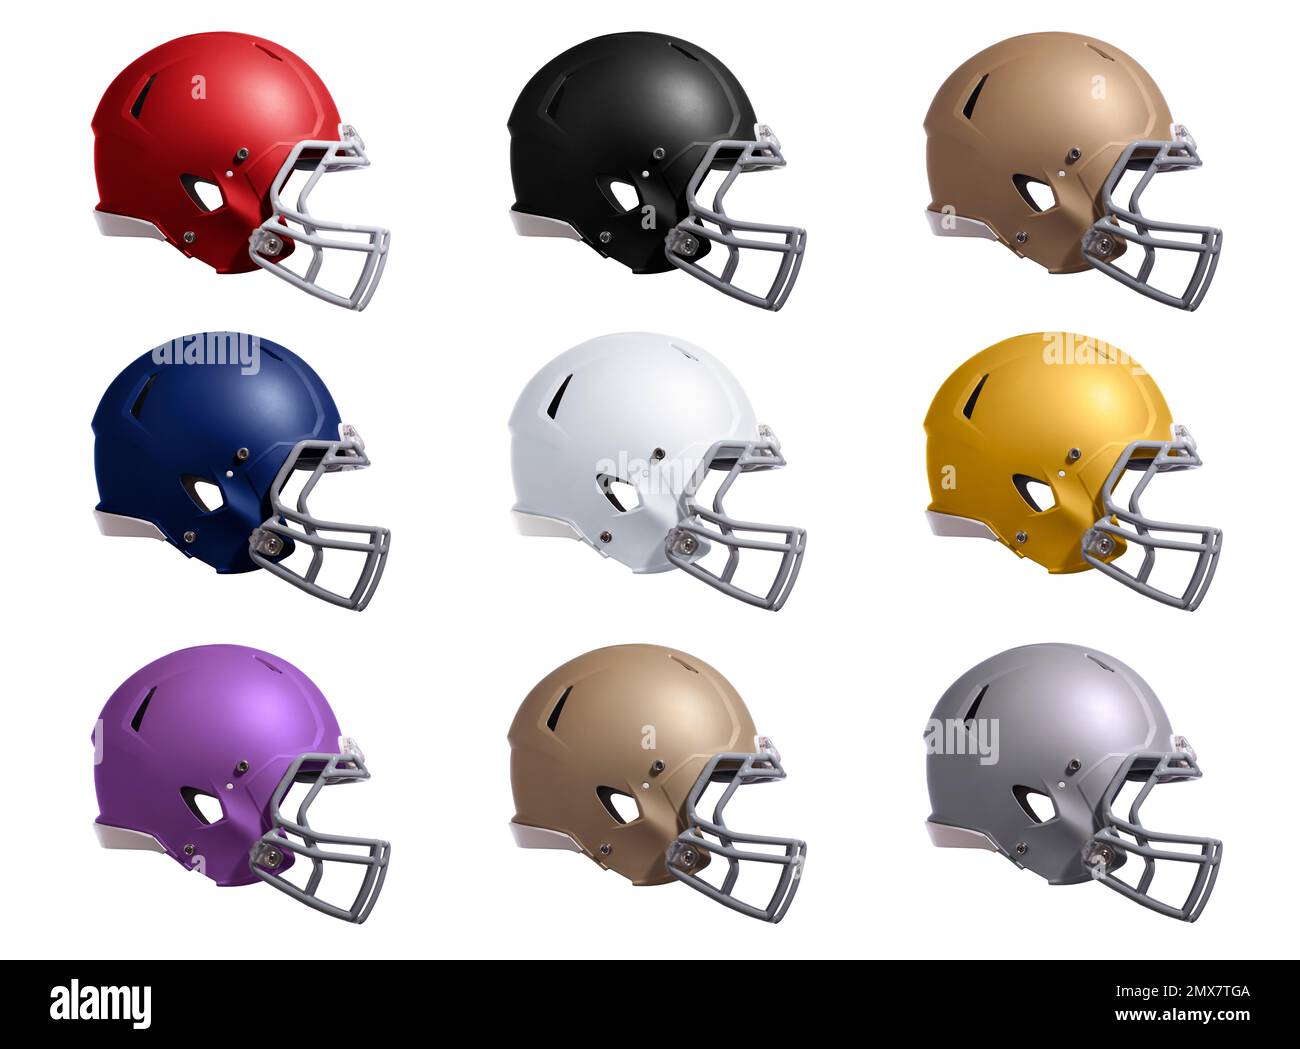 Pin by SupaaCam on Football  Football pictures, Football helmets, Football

...

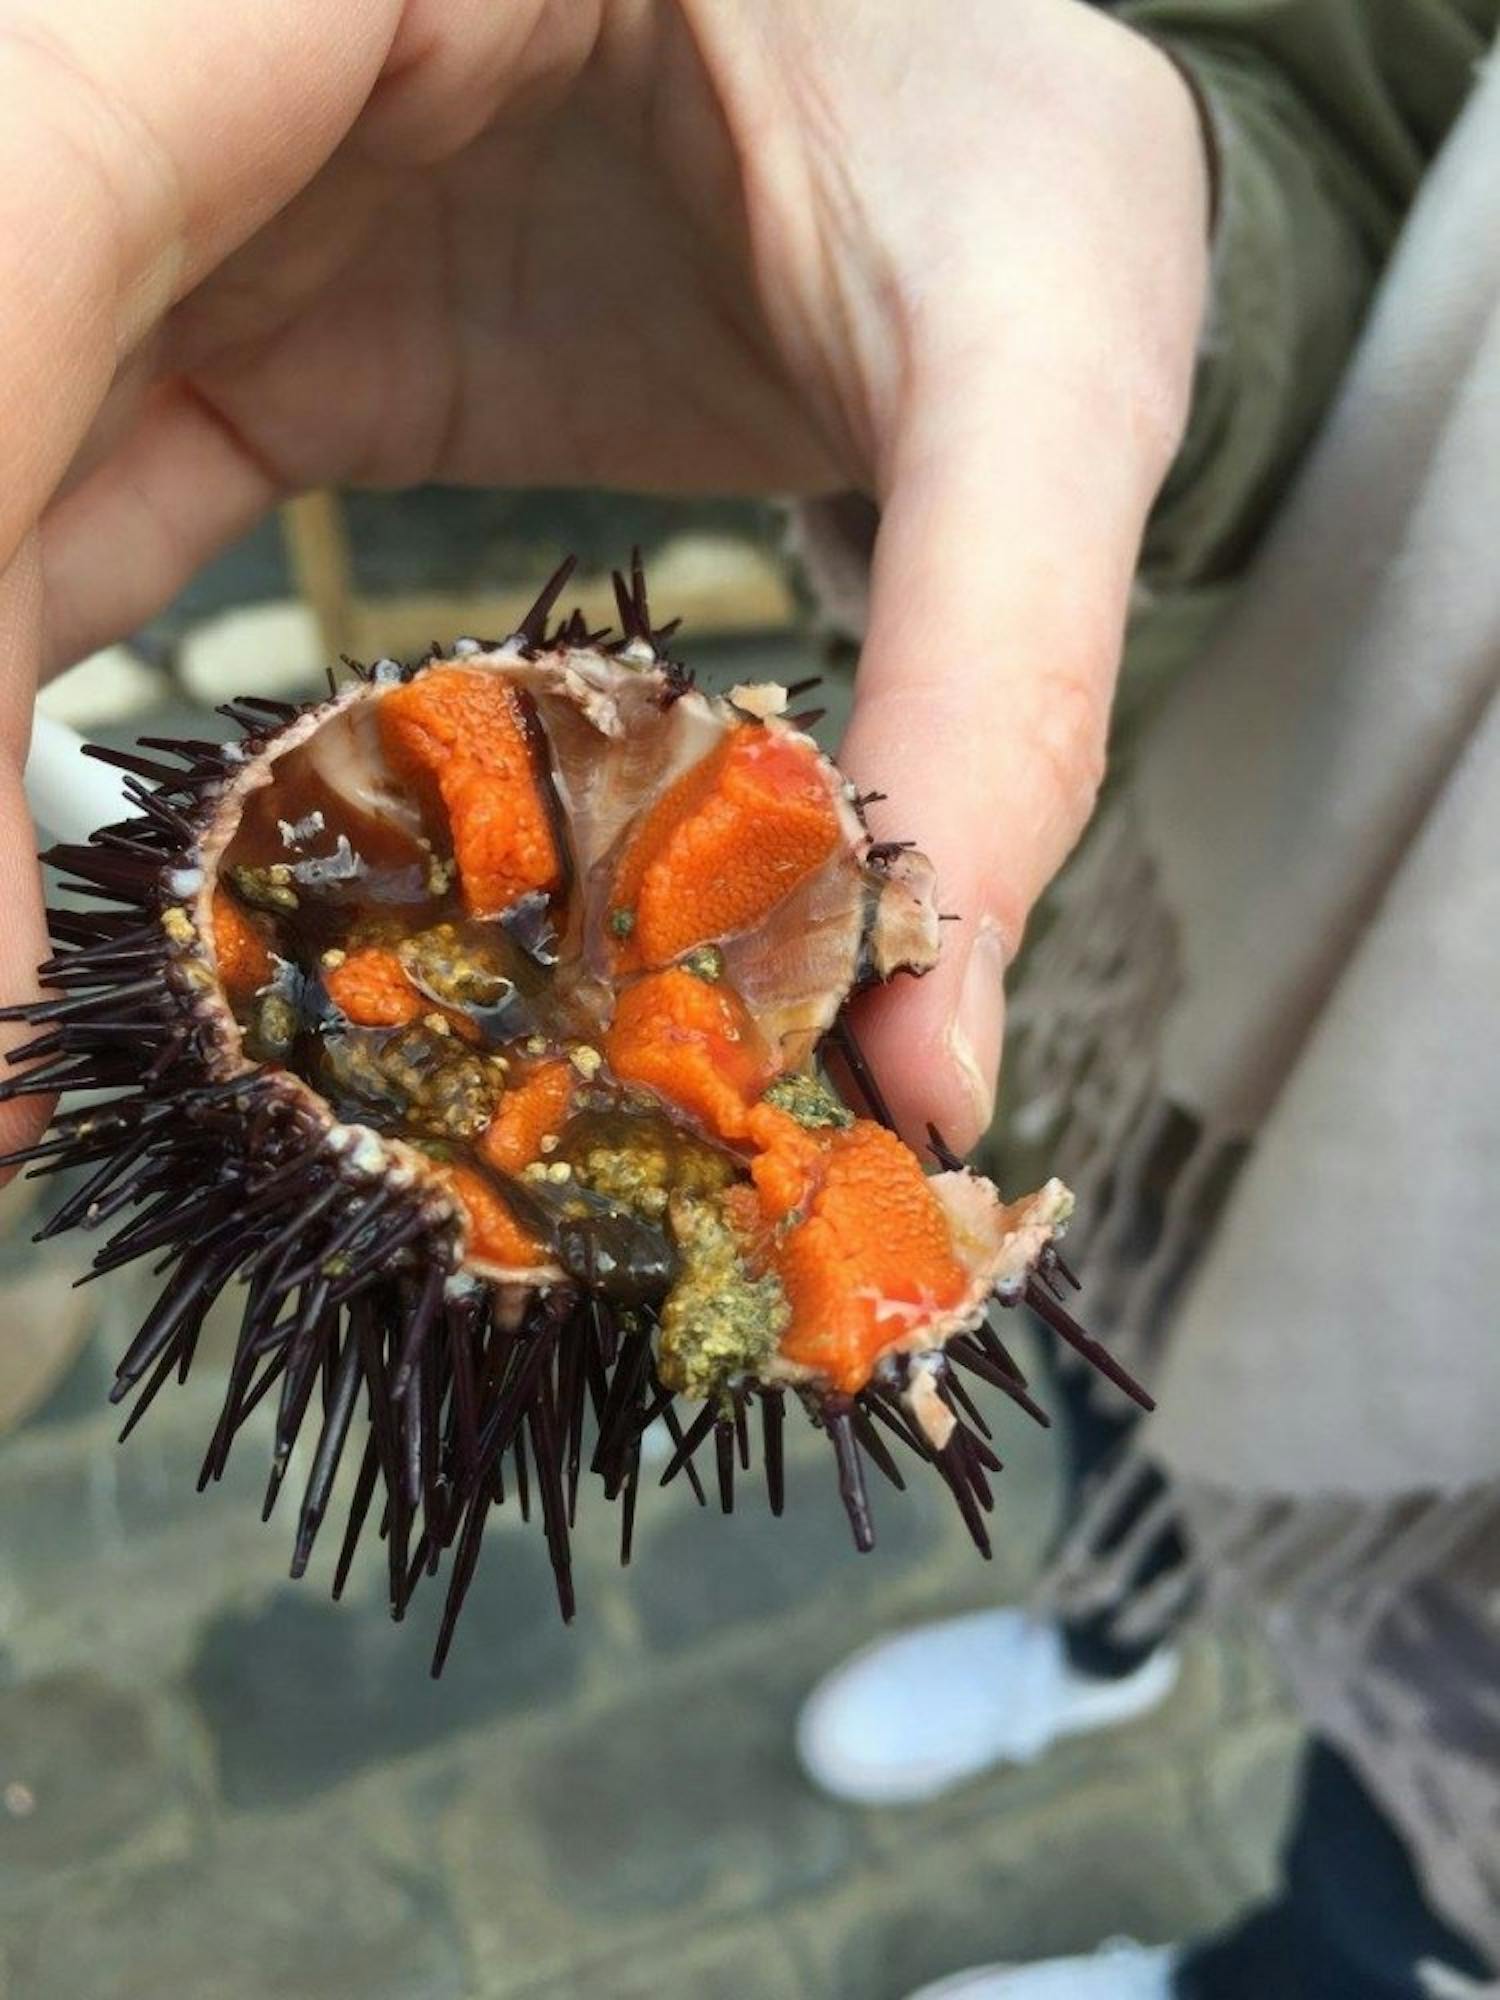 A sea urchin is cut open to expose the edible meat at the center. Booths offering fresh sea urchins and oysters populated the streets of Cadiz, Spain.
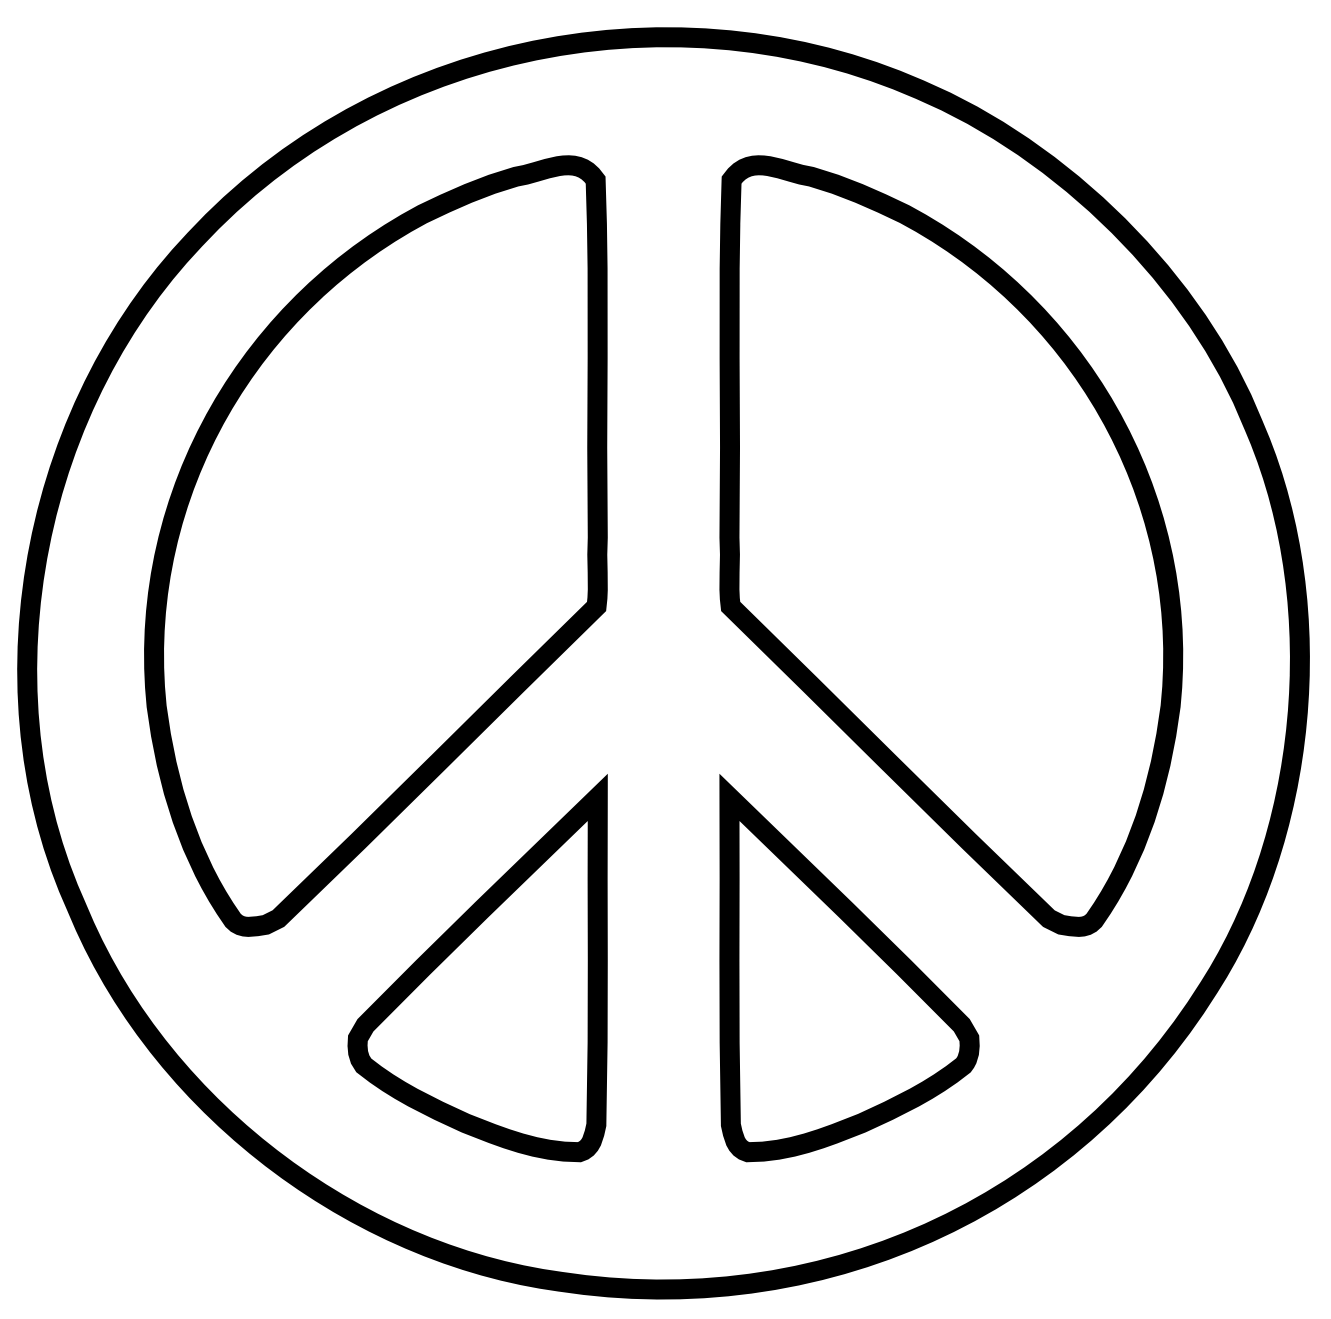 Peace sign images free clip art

Requirement:
Return word for word the lines of the listing above, starting at the line with "A sea urchin" and ending at the line with "Peace sign images free clip art", both included. Pictures do not belong in the copy.

Output:
 A sea urchin is cut open to expose the edible meat at the center. Booths offering fresh sea urchins and oysters populated the streets of Cadiz, Spain.
 Peace sign images free clip art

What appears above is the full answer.